Beginning with the line that has "Vue aérienne de", write out each line down to the end of the records below exactly, and include no pictures.

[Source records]

*** Block opens ***

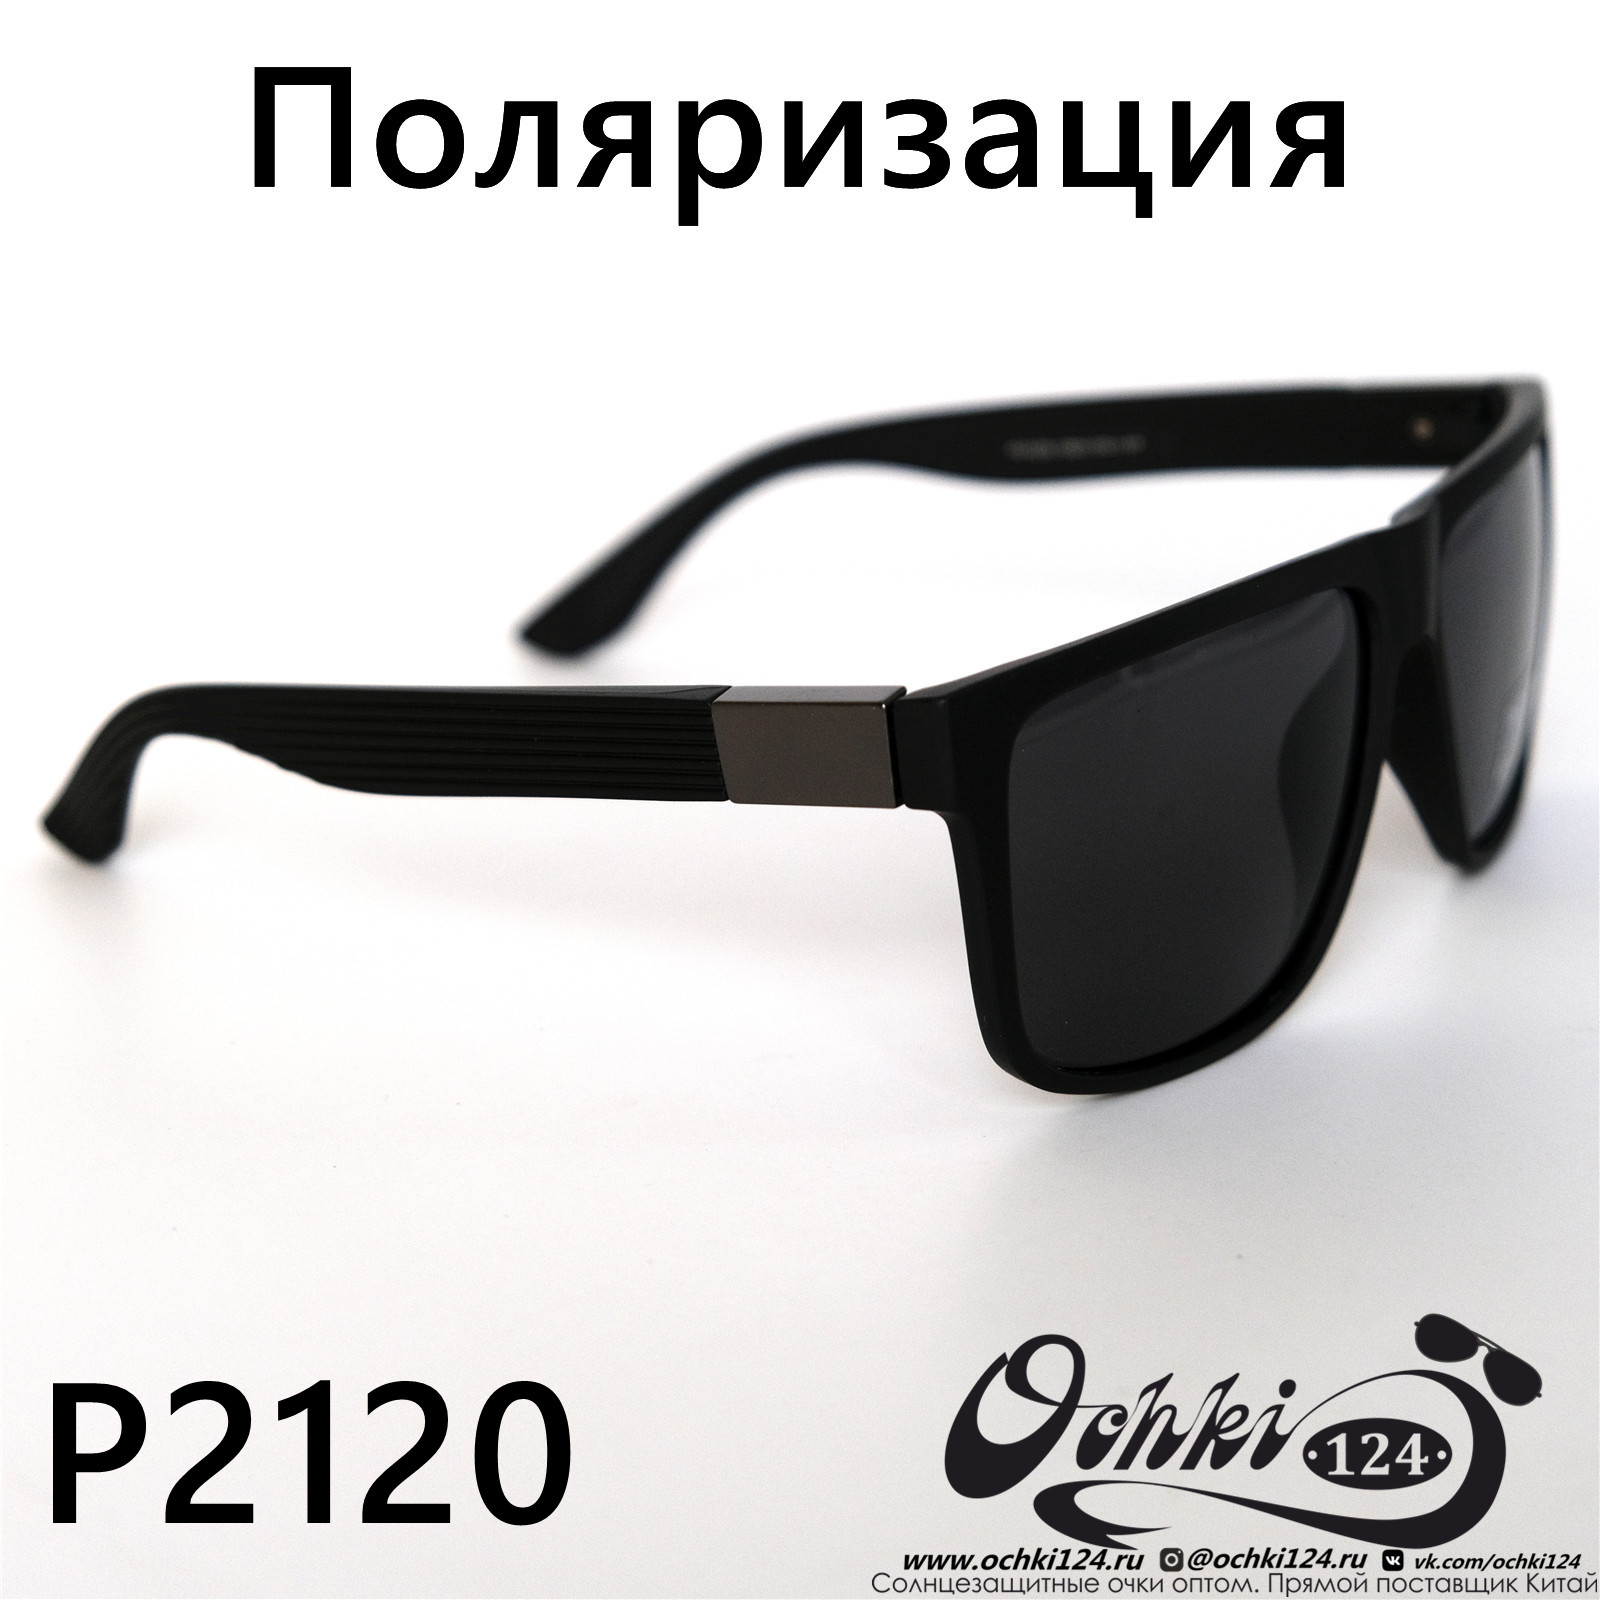  Солнцезащитные очки картинка 2022 Мужские Квадратные Polarized P2120-2 
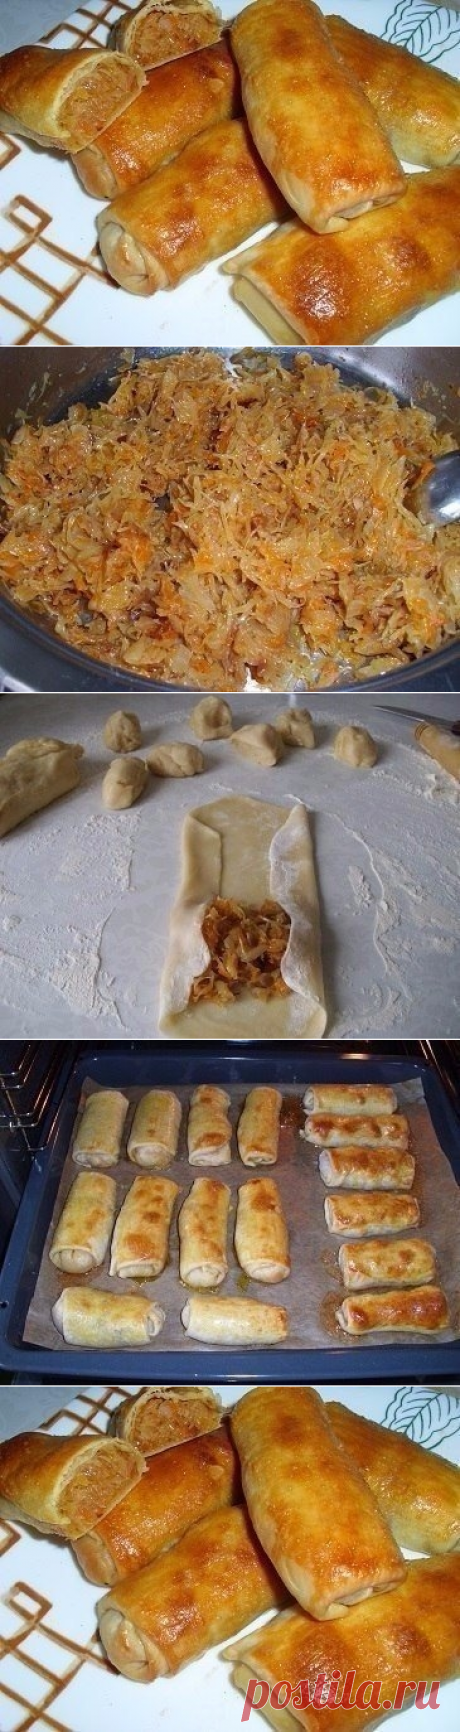 Как приготовить молдавские пирожки с капустой - рецепт, ингридиенты и фотографии
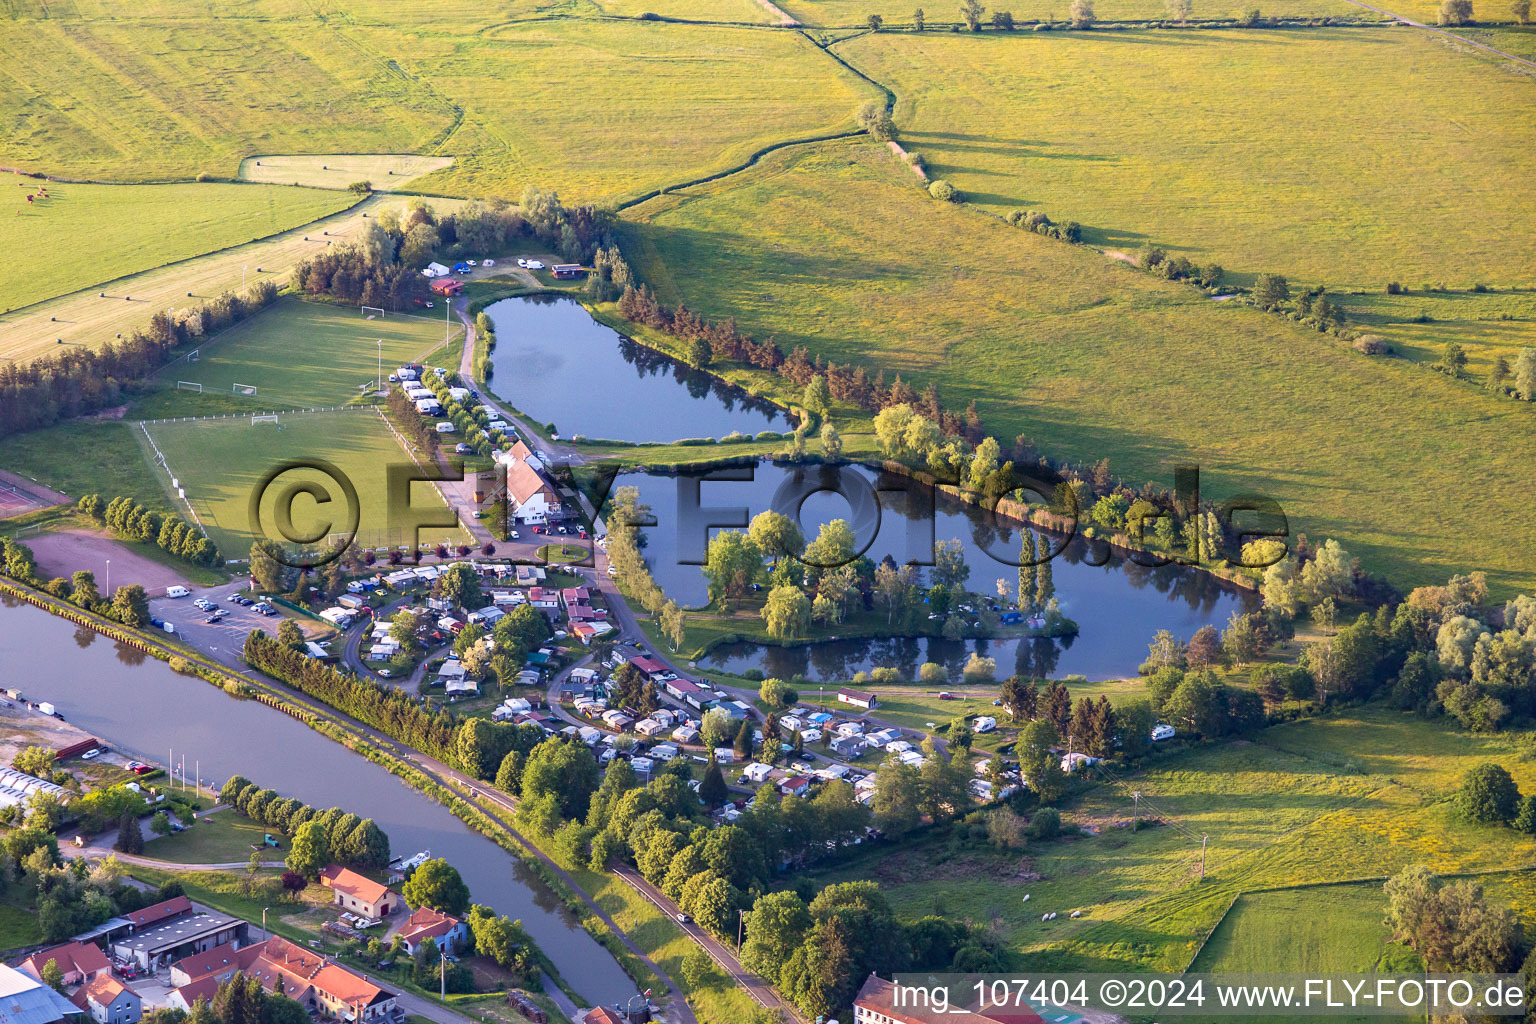 Vue aérienne de Camping Coeur d'Alsace à Harskirchen dans le département Bas Rhin, France
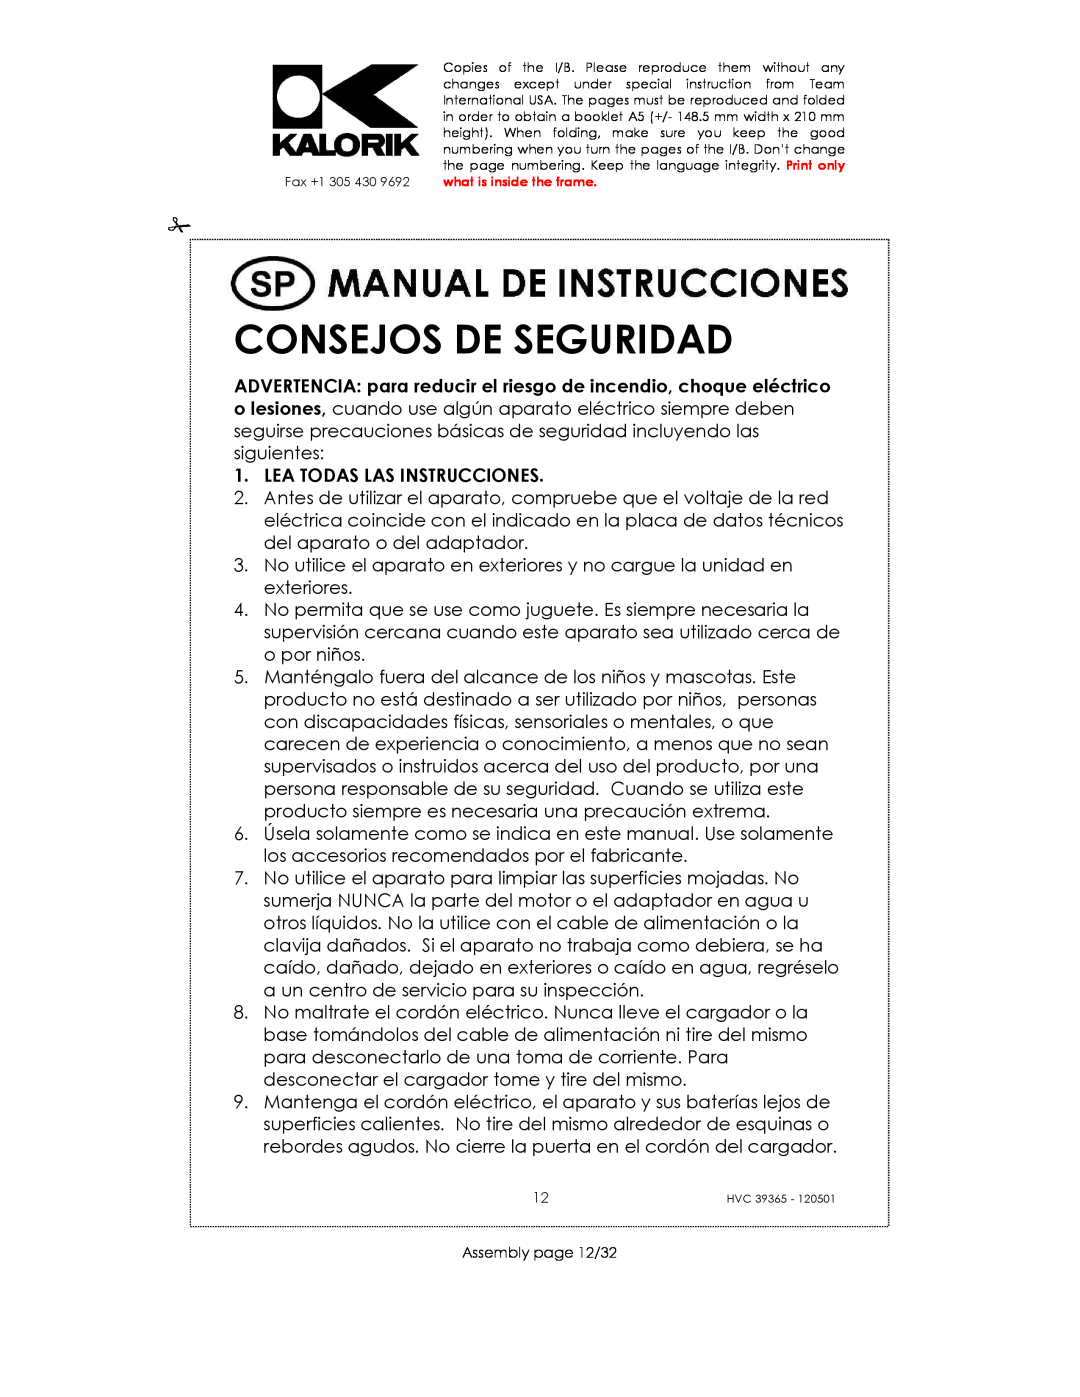 Kalorik HVC 39365 manual Consejos De Seguridad, Lea Todas Las Instrucciones 
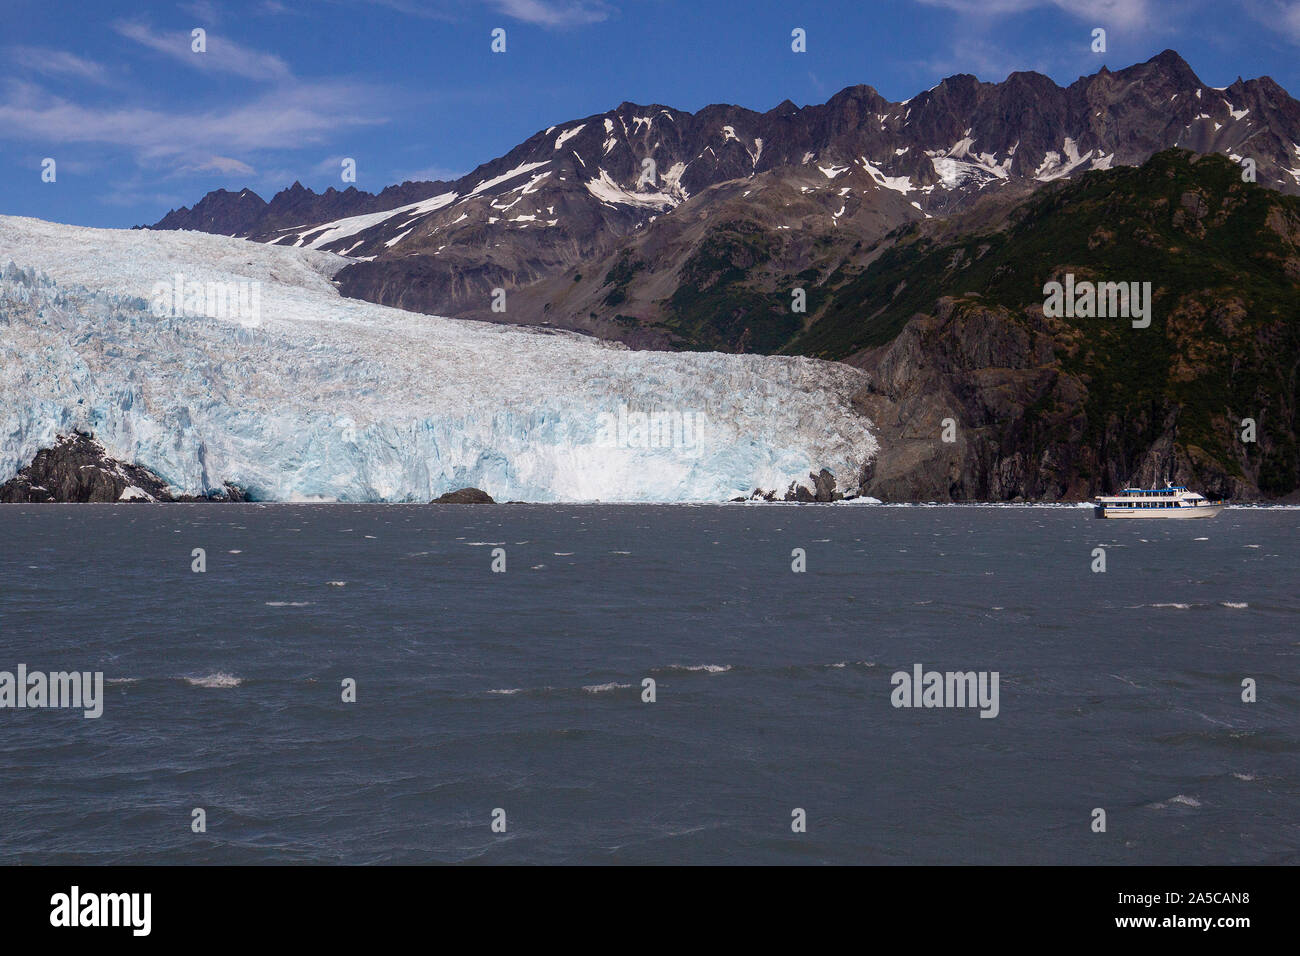 Teil des Kenai Fjords National Park, Aialik Gletscher ist ein Gletscher in der Kenai Halbinsel Borough in Alaska in der Nähe von Seward. Stockfoto

*** Block closes ***

### Written answer
 Vue aérienne de Camping Coeur d'Alsace à Harskirchen dans le département Bas Rhin, France
 Kalorik HVC 39365 manual Consejos De Seguridad, Lea Todas Las Instrucciones 
 Teil des Kenai Fjords National Park, Aialik Gletscher ist ein Gletscher in der Kenai Halbinsel Borough in Alaska in der Nähe von Seward. Stockfoto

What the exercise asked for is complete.